Until lately, pompoms only brought to mind children’s crafts and cheerleaders. I mark my conversion to fascination with pompoms and fringe to the Vesterheim 2013 Textile Tour to Norway. It seemed that everywhere we visited, everywhere we turned, there were more colorful textile embellishments: fringes and tassels and pompoms. The beautiful bands woven for costumes often ended in fluffy tassels.
For my North House class on Scandinavian embellishments, I’ve been testing pompom process and materials (only one of many techniques which we’ll learn in class). Which wools puff up best and make the nicest tight, enticing orbs? One day my five-year-old granddaughter Madeline came to my studio and I made a small, white, wooly pompom. She peered at me steaming the ends to fluff it up. She then gave me a full half-hour of weaving time as she played with the pompom, tossing it up to the ceiling fan, for instance. Between that experience and learning about all of the colors of markers in my desk drawer, she is eager to return.

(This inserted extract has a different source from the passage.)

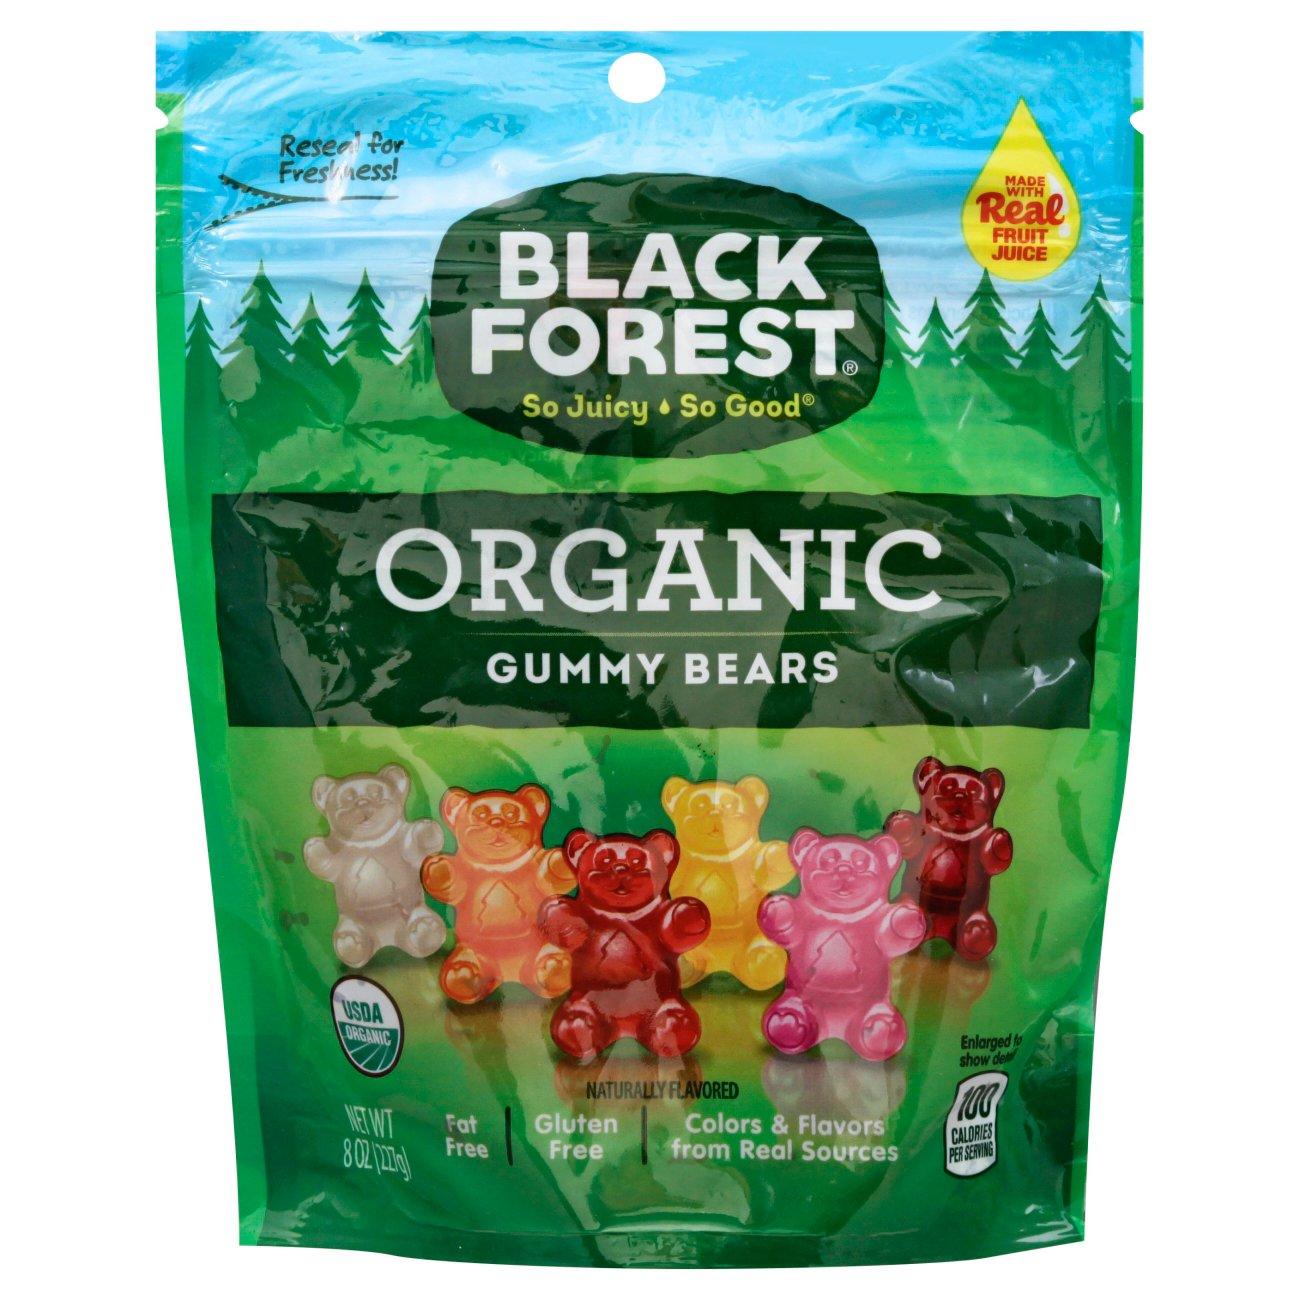 Black Forest Organic Gummy Bears ‑ Shop

What else can you do with one perfect pompom? I combined a pompom, used like a large bead or stone, with strips of a Swedish sweater to create a necklace. I first used a solid red, as black/white/red is a favorite combination. However, I worried that it would look like I was carrying a clown nose around my neck. When I tried it on the finished piece, it was difficult to stop patting my rib cage.
This wins the “cutest use of small pompoms” award. Back in 2013 (or 2014) my friends Mary Skoy and Jan Mostrom and I spent an afternoon learning about fringe and pompoms. Recently Mary used her small pompoms to decorate a knitted bird.
I took a scarf from a drawer last month, one that I pieced using wool from a shawl I wove in weaving school in Norway, a long time ago. The scarf never seemed quite cool enough to finish, but now I knew the answer–it needed pompoms!
In other posts, I’ve shown I’m crazy for the kavelfrans technique, pompom-like fuzzy strips that were often found on mittens, like these wonderful gloves from the Nordiska Museet in Sweden.
Another darling pair of Swedish mittens from the Nordiska Museet, with fringe and pompoms.
See kavelfrans on pillows I made here, here, and here. Here are a pair of modern mittens I made last week, a sample for class. Perhaps a more modest project before moving on to the ones above?
The fun of preparing for my class is the combination of research into materials, technique, history, and design–and making.